START Raw data

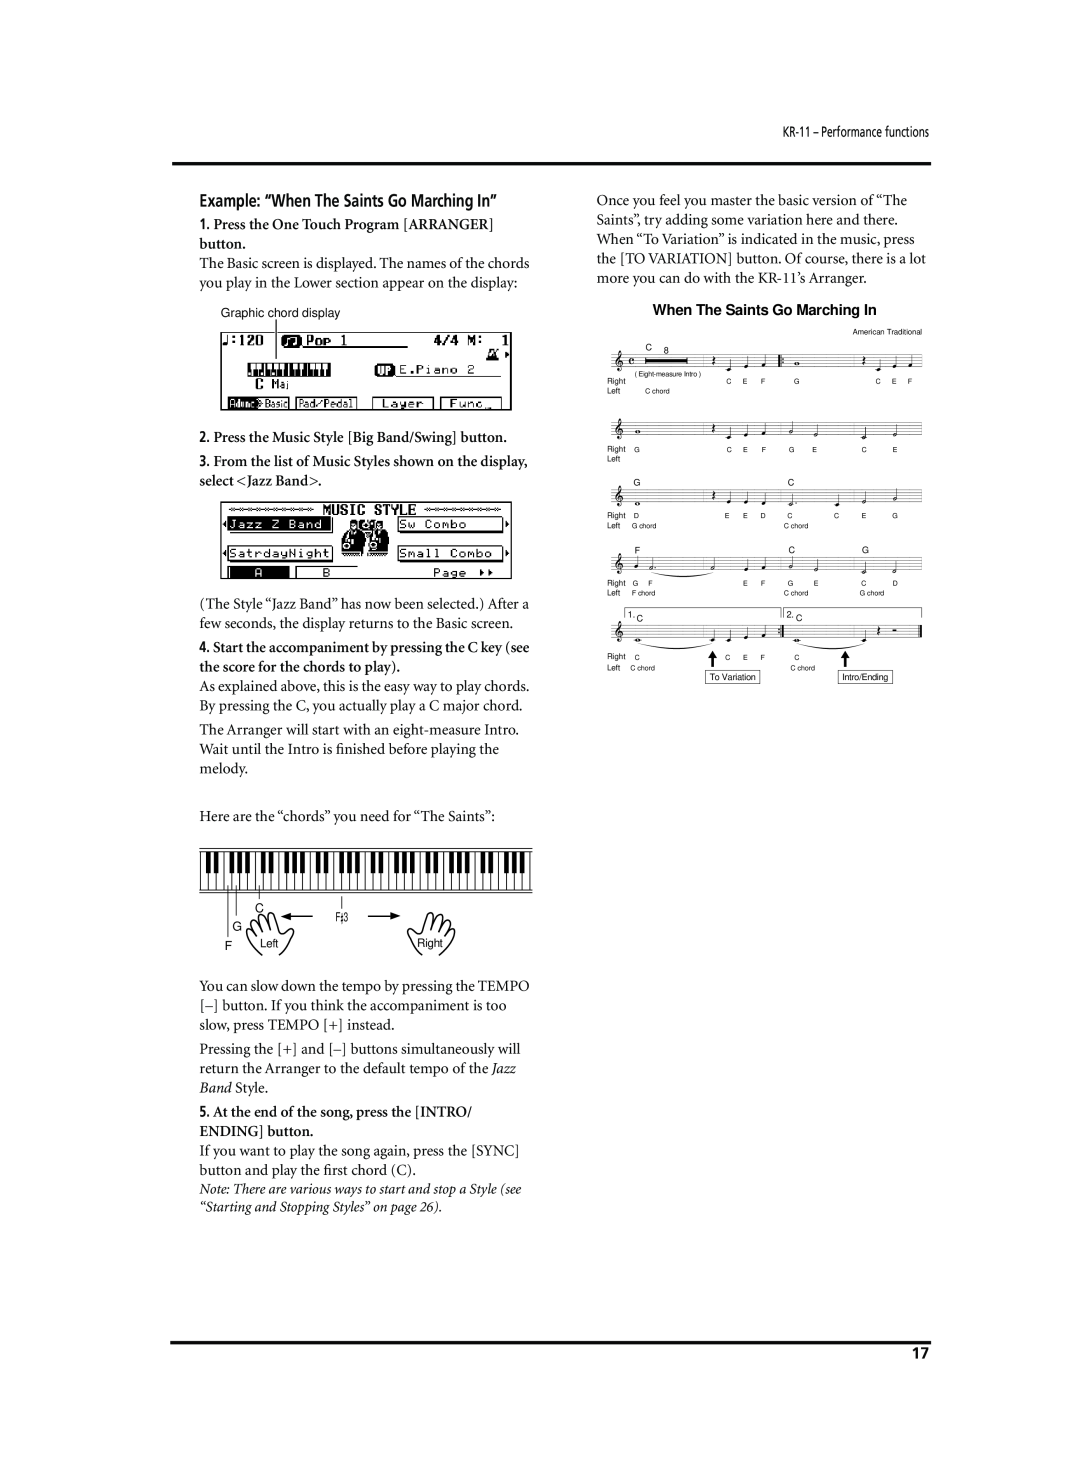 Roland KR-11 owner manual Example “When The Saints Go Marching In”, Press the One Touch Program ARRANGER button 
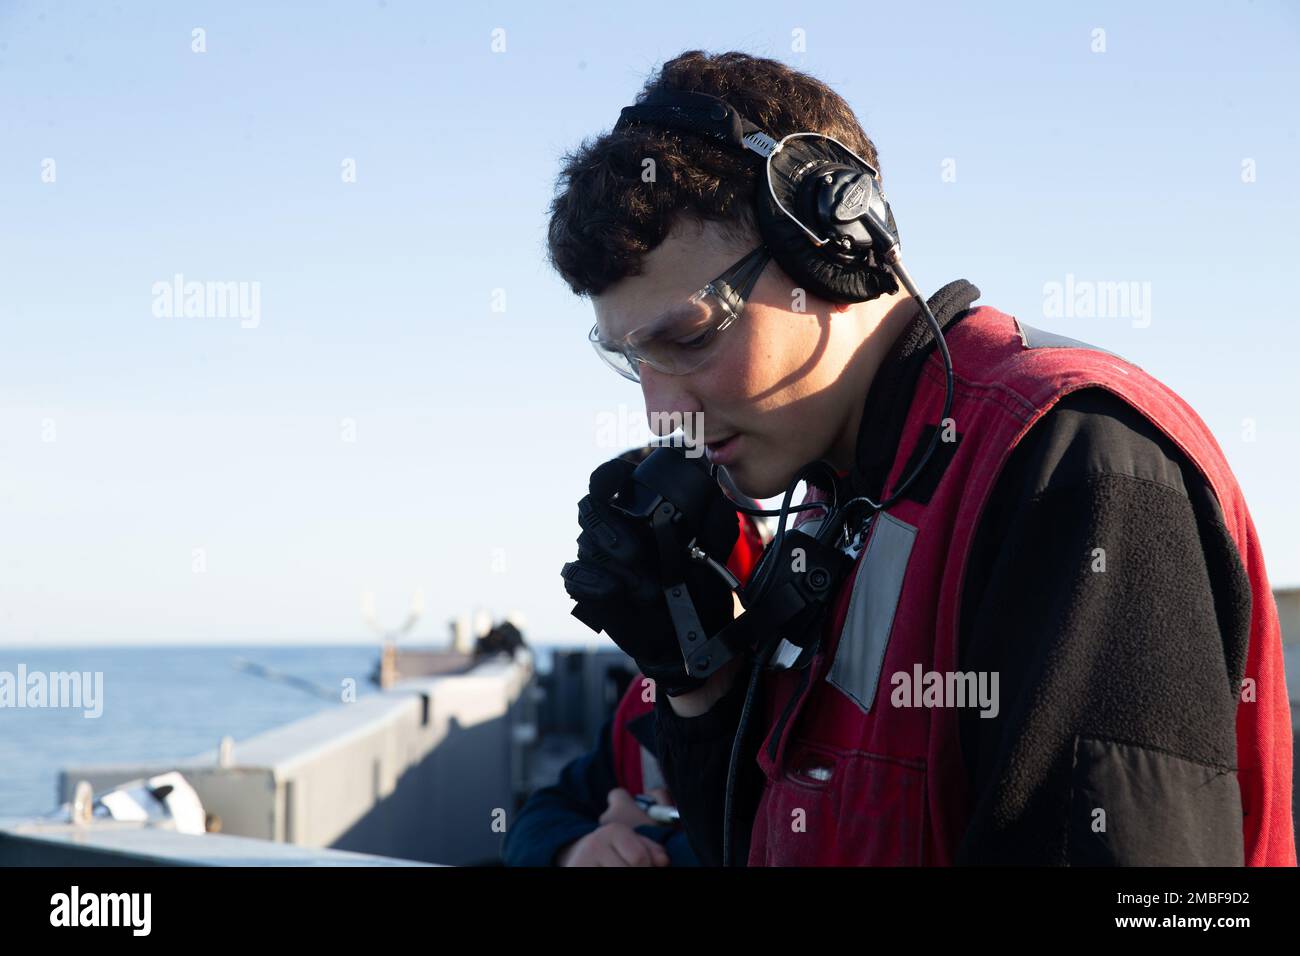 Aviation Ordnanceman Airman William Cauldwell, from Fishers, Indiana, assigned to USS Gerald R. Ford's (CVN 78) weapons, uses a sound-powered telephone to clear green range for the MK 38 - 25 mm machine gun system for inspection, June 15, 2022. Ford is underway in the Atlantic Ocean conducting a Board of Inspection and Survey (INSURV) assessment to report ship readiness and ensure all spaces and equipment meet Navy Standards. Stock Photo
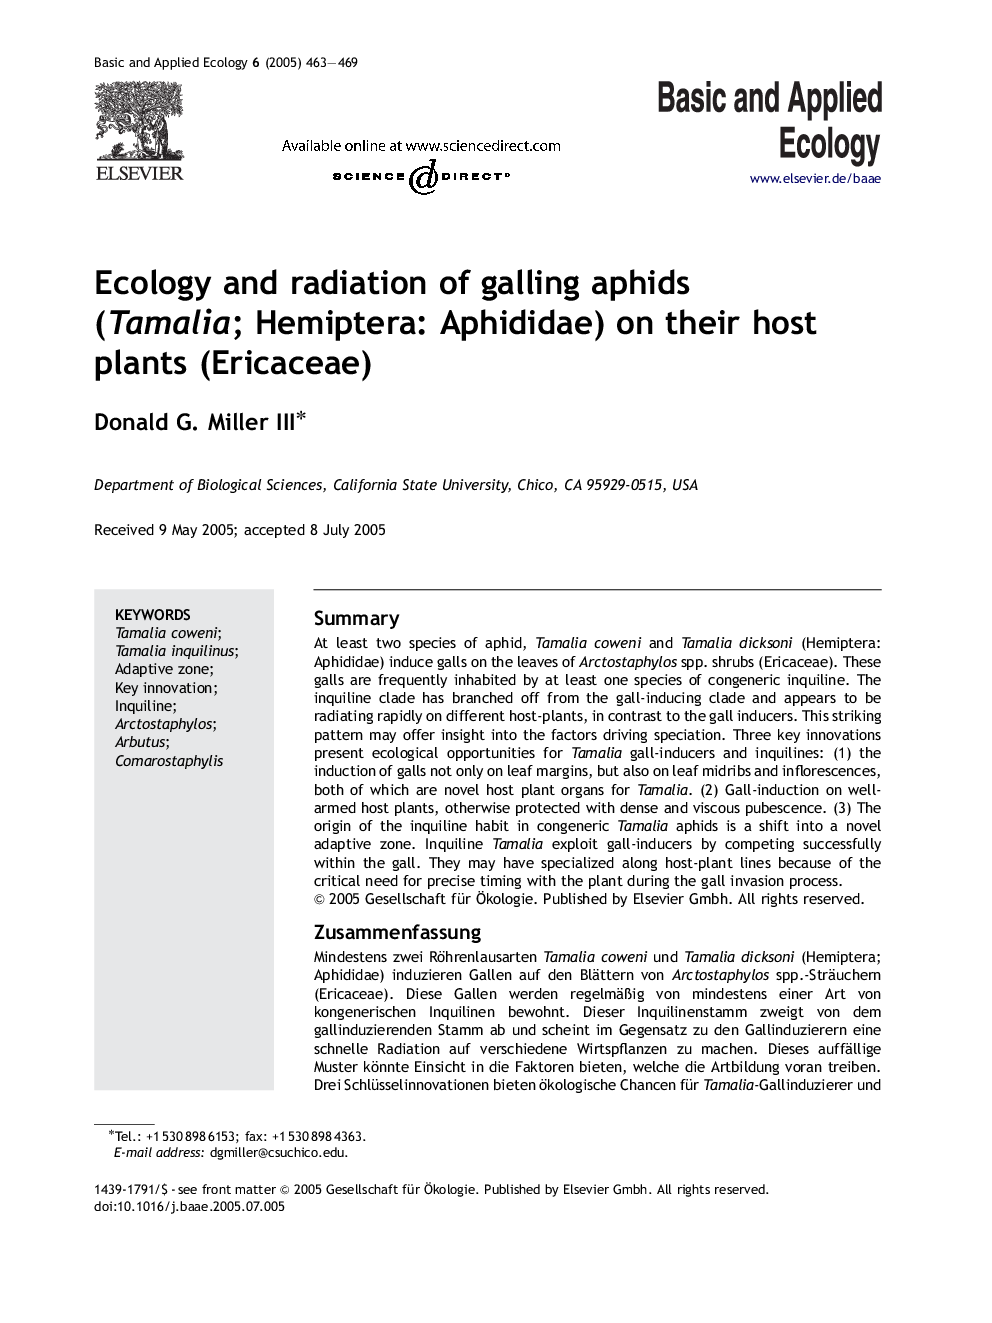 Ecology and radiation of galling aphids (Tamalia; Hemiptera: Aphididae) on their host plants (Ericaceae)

END Raw data

*Goal of the exercise*: The answer must be the listing above, restated word for word, with no images in it.

*Exercise response*:
 Roland KR-11 owner manual Example “When The Saints Go Marching In”, Press the One Touch Program ARRANGER button 
 Aviation Ordnanceman Airman William Cauldwell, from Fishers, Indiana, assigned to USS Gerald R. Ford's (CVN 78) weapons, uses a sound-powered telephone to clear green range for the MK 38 - 25 mm machine gun system for inspection, June 15, 2022. Ford is underway in the Atlantic Ocean conducting a Board of Inspection and Survey (INSURV) assessment to report ship readiness and ensure all spaces and equipment meet Navy Standards. Stock Photo
 Ecology and radiation of galling aphids (Tamalia; Hemiptera: Aphididae) on their host plants (Ericaceae)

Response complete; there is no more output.